6 2. Dues are delinquent after 1 February of the membership year. 3. Dues received after 1 May shall be applied to the subsequent membership year's dues. 4. Dues shall not be pro-rated. ARTICLE VII. GENERAL MEETING A. The Director will endeavor to find sites for a General Meeting every two years, taking logistical, financial and regional considerations into account. The sites are to be approved by the Board of Directors. B. The General Meeting shall consist of a Membership Meeting and a planned program of papers and discussions organized by the Director. The Board of Directors shall hold its annual meeting in conjunction with the General Meeting during years in which the General Meeting is held. C. The Membership Meeting shall be open to all members and guests of the organization. Reports shall be presented by the Secretary-Treasurer, the Nominating Committee and the Chairs of Working Groups. Other committees and individuals as appropriate may also give reports. D. Elections for the Executive Board of Directors and amendments to the Bylaws will be by ballot and will not be conducted at the General Meeting. ARTICLE VIII. AMEMNDMENTS A. Amendments to these Bylaws may be proposed by the Board of Directors or by written petition to the Board of Directors signed by one percent of the voting membership. B. Proposed amendments will be submitted to the membership for ratification by ordinary mail or web ballot. Proposed amendments will usually appear on the ballot for election of officers but may, at the discretion of the Board of Directors, be submitted to the membership at other times. C. Amendments will pass with a simple majority of those voting.

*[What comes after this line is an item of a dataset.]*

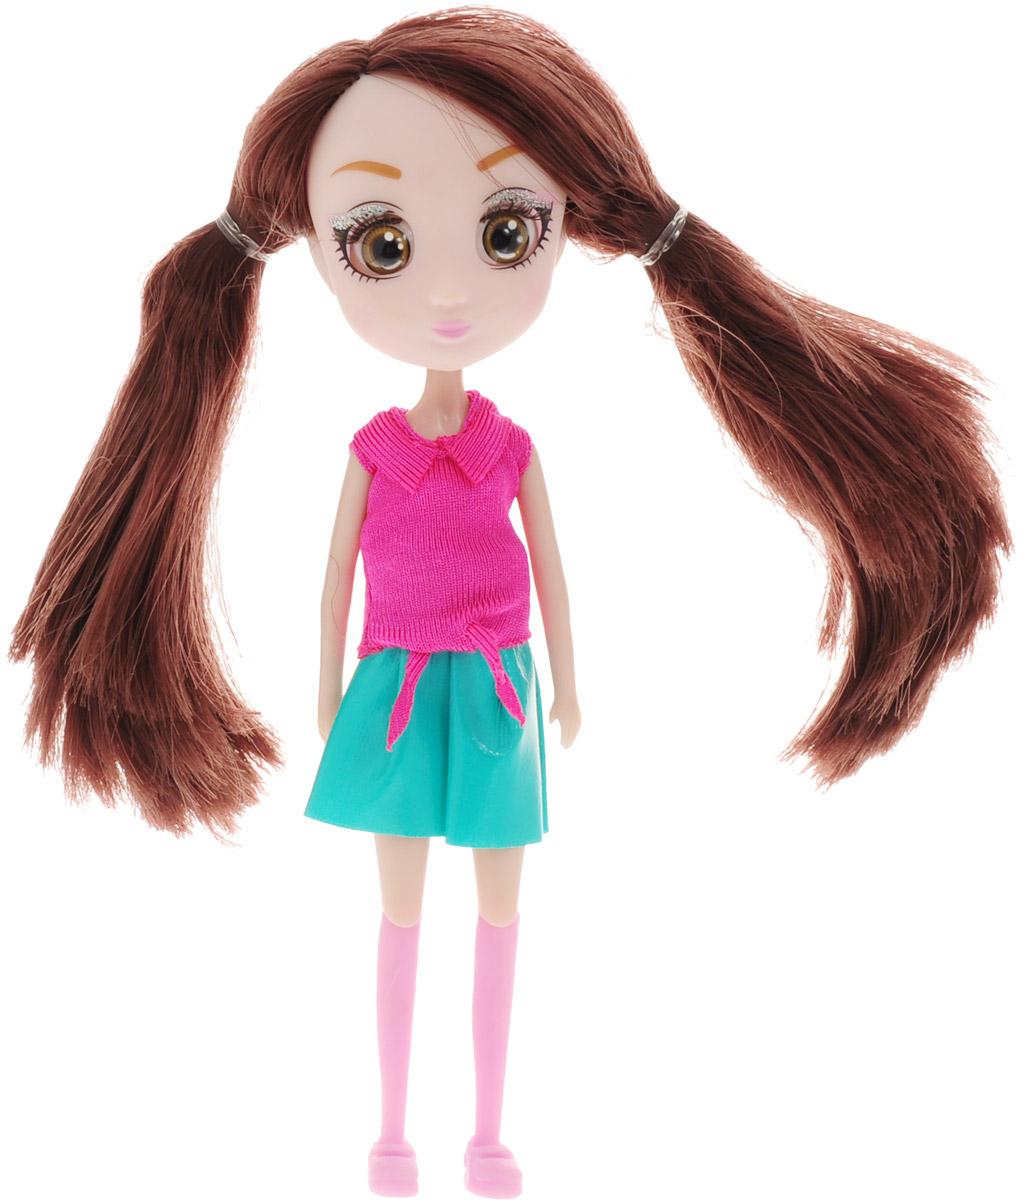 Shibajuku Girls Мини-кукла Намика shibajuku girls кукла 15см намика shibajuku girls
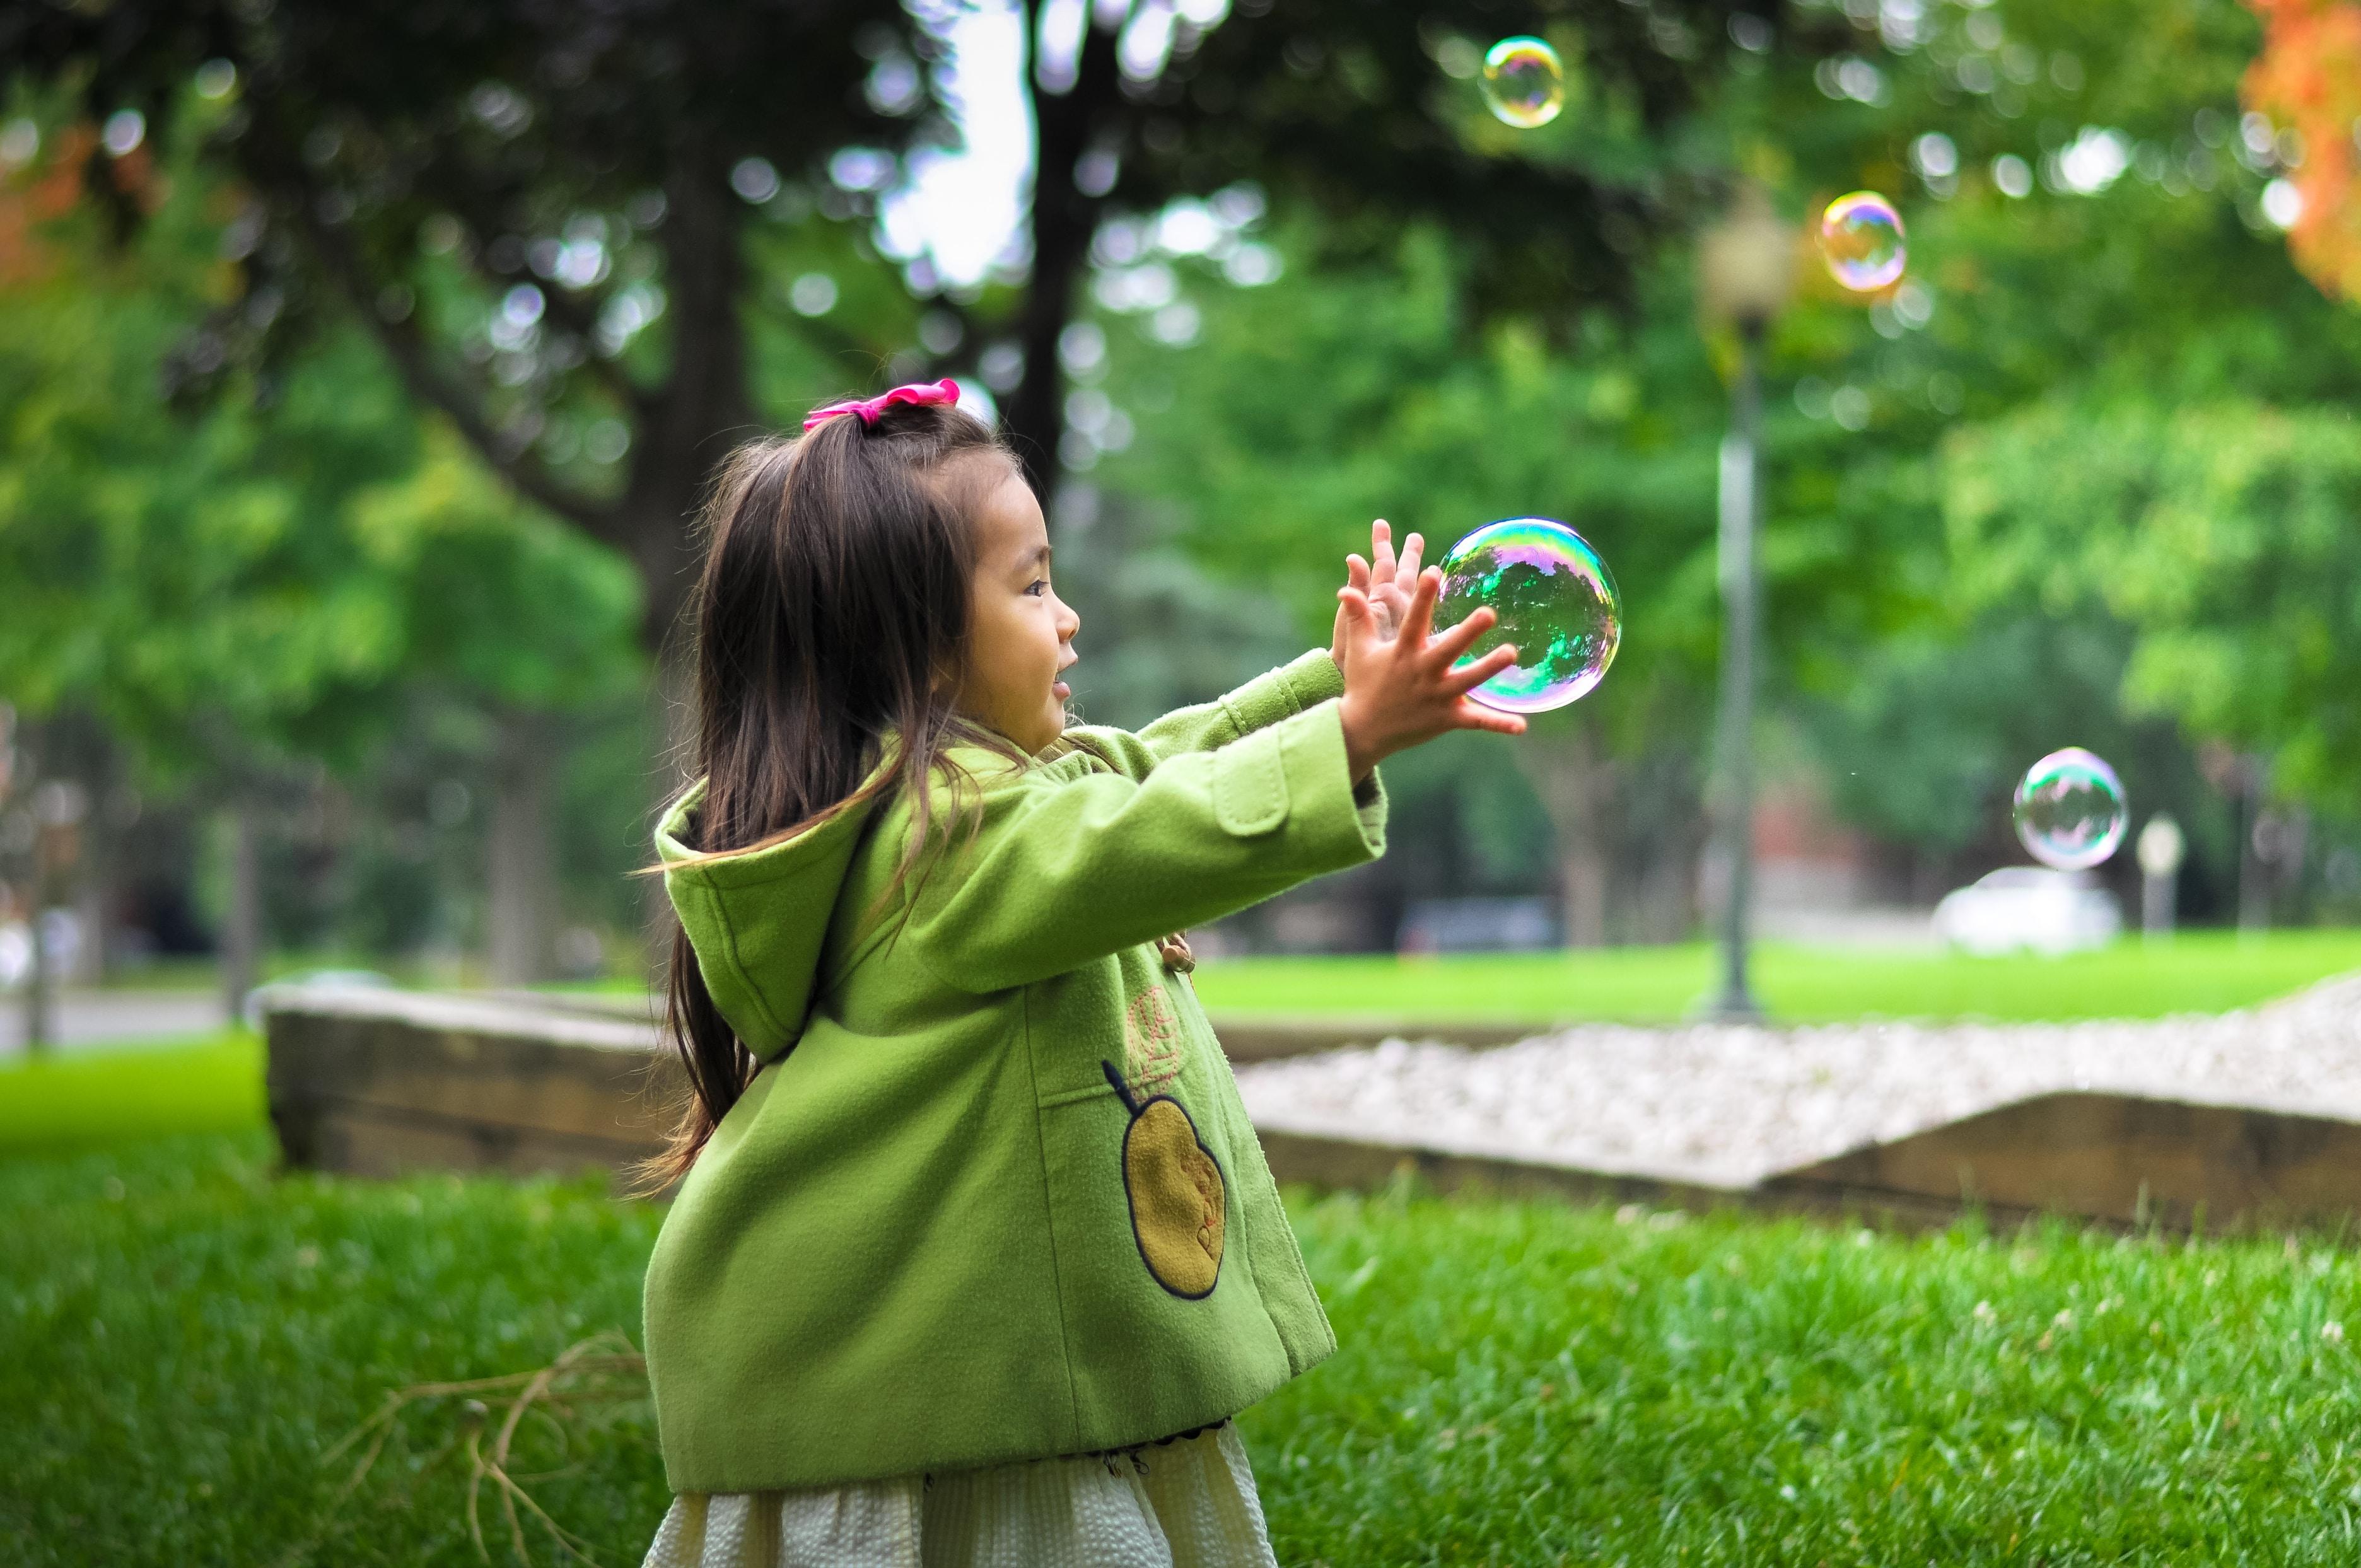 幼儿园普惠之后:请回答,幼教2020

7 APPENDIX 1: TERMS OF REFERENCE Chairperson, Board of Directors The Chair presides at meetings, keeps the members directed towards its goals, delegates responsibility for tasks to other members and committees, and serves as the primary contact between the board and the executive director. The Chair is responsible for keeping the group of board members functioning effectively and efficiently. Board members In addition to the duties mentioned in Article III, all board members are expected to play a role in fund raising to ensure its survival. This could be in the form of direct contributions of money or time, building linkages to funding agencies, preparation of proposals, etc. Executive Director S/he is the legal representative of the organization, and president of the membership; s/he will prepare the programme and budgets and oversee the activities of the organization, including the hiring and supervision of staff. Committees Committees have only the authority that is specifically given to them by the bylaws or the board. Board members with interest and expertise in specific areas are appointed, generally by the Chair, to serve on standing committees. Persons other than Board members may serve on committees. Examples of some committees that could be established are as follows: Finance Committee monitors fiscal operations, assists the Director in developing an annual budget and assures that an audit is performed annually. Development Committee is responsible for developing and overseeing a fund raising plan. Collects information on various funding sources, prepares proposals, arranges visits and communication with donors, etc. Nominating Committee recommends individuals to serve as board members and is responsible for board development. Determines criteria for board selection, orients new members, reviews the past participation and performance of current members. Membership Committee organizes campaigns to gain new members, reviews the applications of persons applying for membership, disseminates information to members, communicates member s concerns to larger Board, and works with the program committee to develop activities for and with partners. Program Committee develops ideas for activities and projects, prepares proposals, and oversees the monitoring and evaluation of WOCAN s work in the field.